Он вышел из комнаты.

Дора, приуныв, заглянула в парусиновую дорожную сумку. Пижама осталась в чемодане, хорошо хоть зубная щетка здесь. Сказанное Полом глубоко ее уязвило. Да как он смеет так обращаться с ней – мало ли что было в прошлом?! Для Доры прошлое всегда было чем-то призрачным. Ей как-то прежде в голову не приходило, что Пол может попрекать ее прошлым. Она отогнала от себя эту мысль, чтобы не расплакаться, и, подойдя к высокому окну, распахнула его настежь. Занавесок не было. Ночь стояла теплая, звездная. Озеро по эту сторону совсем близко подступало к дому. Видно его не было, но в рассеянном сиянии звезд и еще не поднявшейся луны угадывалась его темная гладь. Все прочие очертания лежали за озером.

В комнату вернулся Пол.

– У меня нет пижамы, – сказала Дора, – все в чемодане.

– Можешь надеть какую-нибудь мою рубашку, – отозвался Пол, – вот хоть эту, ее все равно пора стирать.

– Ты что – все рассказал про меня этим монашкам? – спросила Дора.

– Монахиням я ничего о тебе не говорил, – ответил Пол. – Остальным членам общины я вынужден был кое-что рассказать, и, коли лестного для тебя в этом рассказе маловато, едва ли в том моя вина.

– Они еще подумают, что их проклятые молитвы привели меня сюда.

– Я это место уважаю и тебе советую, – сказал Пол. Дора подумала, не спросить ли сейчас Пола – верит он в Бога или нет, но решила не спрашивать. Наверняка верит. Вместо этого она сказала:

– Что поделать – прошлого не отменишь. Пол снова вперил в нее свой тяжелый взгляд.

– Можешь оставить при себе свои легкомысленные заверенья. Я бы на твоем месте помалкивал о раскаянии – вот уж на что, по-моему, ты совсем не способна.

Резкий колокольный звон пробежал над водой и ринулся в распахнутое окно. Дора так и подпрыгнула.

– Опять этот колокол! – воскликнула она. – Что это?

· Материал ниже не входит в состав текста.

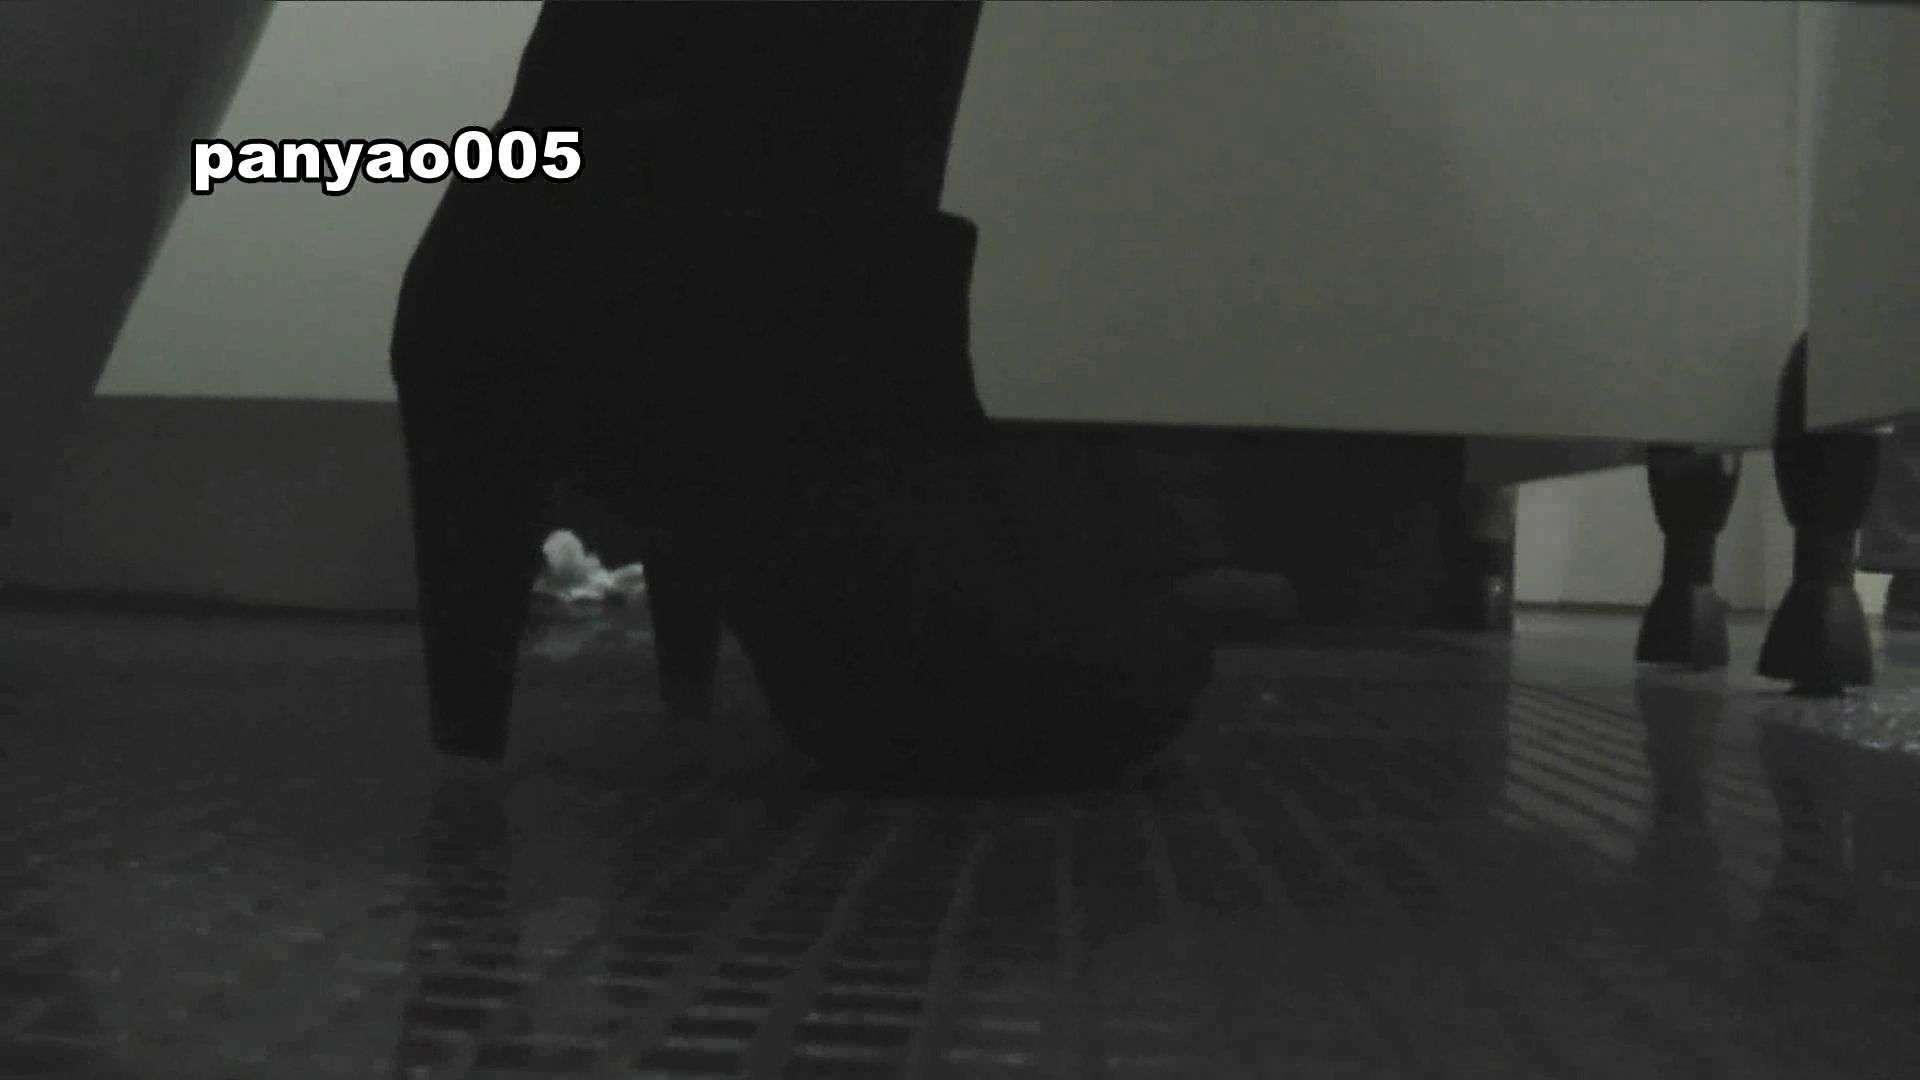 日本成人用品展览会。vol.05 そんな格好で… 潜入突撃 | 着替え  96pic 49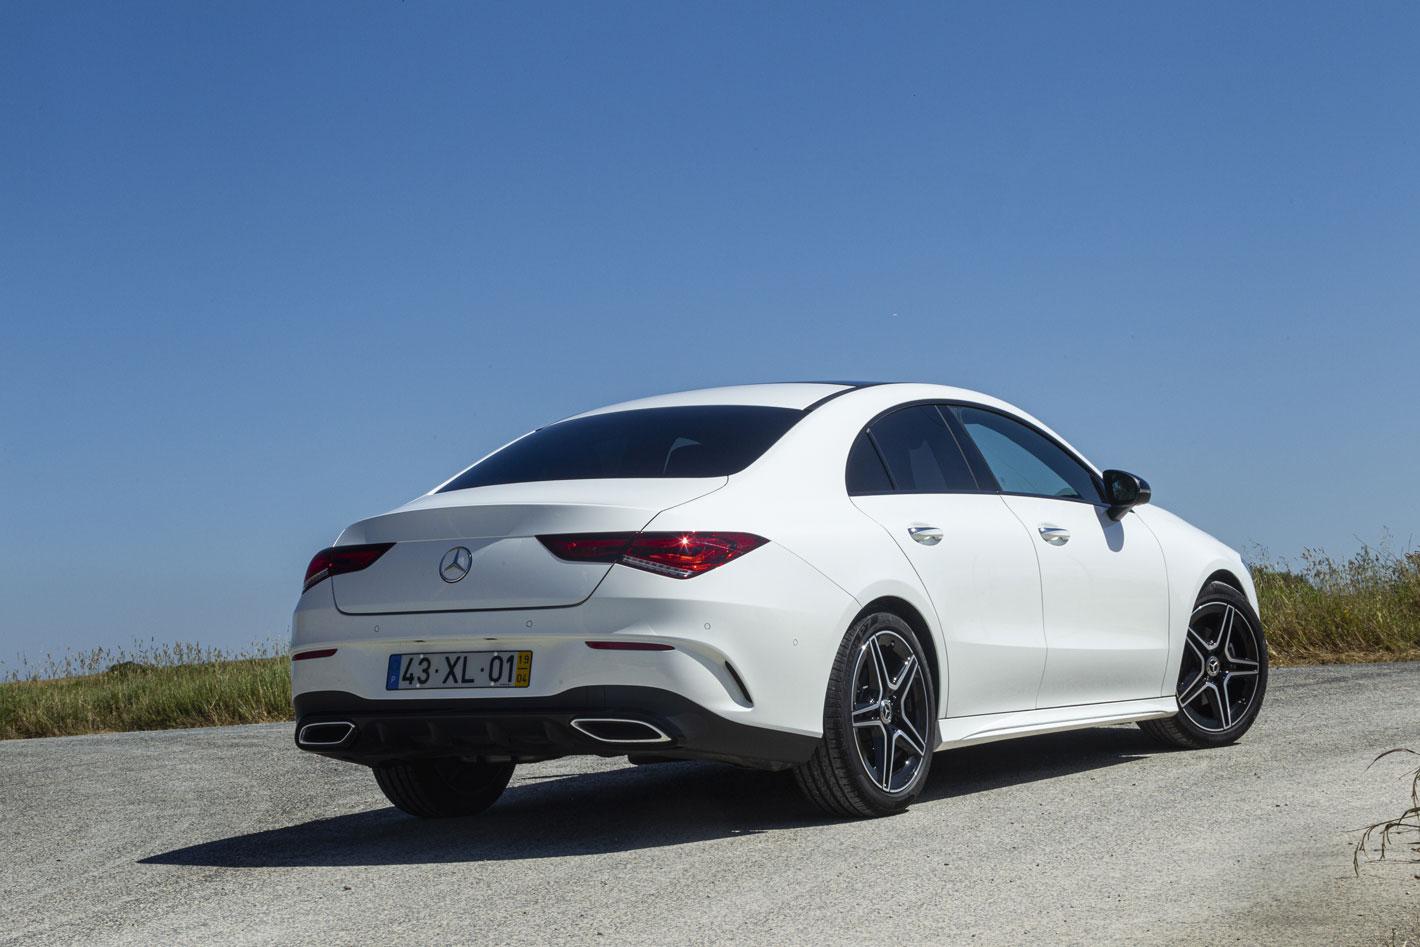 Mercedes-Benz CLA 180d

– Колокол в монастыре звонит к разным службам. Сейчас он звонит к Laud [7]7
  Совместной молитве (здесь и далее упоминаются службы католической и англиканской церквей).


[Закрыть]
, а по утрам к Prime [8]8
  Службе, совершаемой в шесть утра или с восходом солнца.


[Закрыть]
. Скоро монастырь получит новый колокол, – добавил он.

Оба начали раздеваться.

– О монастырском колоколе есть легенда. Я ее обнаружил в одной из рукописей. Ты, я думаю, это оценишь, – обронил Пол.

– Что за легенда? – спросила Дора.

– Монастырь этот, знаешь ли, заложен очень-очень давно. Здесь с XII века обосновались монахини-бенедиктинки. Теперешний монастырь, ясное дело, англиканский, но он остается бенедиктинским. Где-то веке в XIV, как гласит предание, во всяком случае, до Реформации, у одной из монахинь завелся любовник. По тем временам, осмелюсь заметить, это был не такой уж из ряда вон выходящий случай, но орден этот, видно, имел особенно строгий устав. Кто эта монахиня, было неизвестно, замечен был только раза два молодой человек, когда тот карабкался по стене, и в конце концов он свернул себе шею. Стена – она, кстати говоря, сохранилась – очень высокая.

Настоятельница не раз взывала к согрешившей монахине, дабы та покаялась, но никто не сознавался. Тогда призвали епископа. Епископ, исключительной святости и благодати человек, также потребовал, чтобы грешница на исповеди признала свой грех. Когда же вновь никто не открылся, епископ проклял монастырь. И тогда, как пишет летописец, огромный колокол «птицей вспорхнул с башни и рухнул в озеро».

– О Господи! – вырвалось у Доры.

– Погоди, это еще не конец. Согрешившая монахиня была так потрясена этим зрелищем, что немедля выбежала из монастырских ворот и утопилась в озере.

– Бедняжка! – воскликнула Дора.

– Ты, конечно же, отождествляешь себя с этой безбожницей, – съязвил Пол.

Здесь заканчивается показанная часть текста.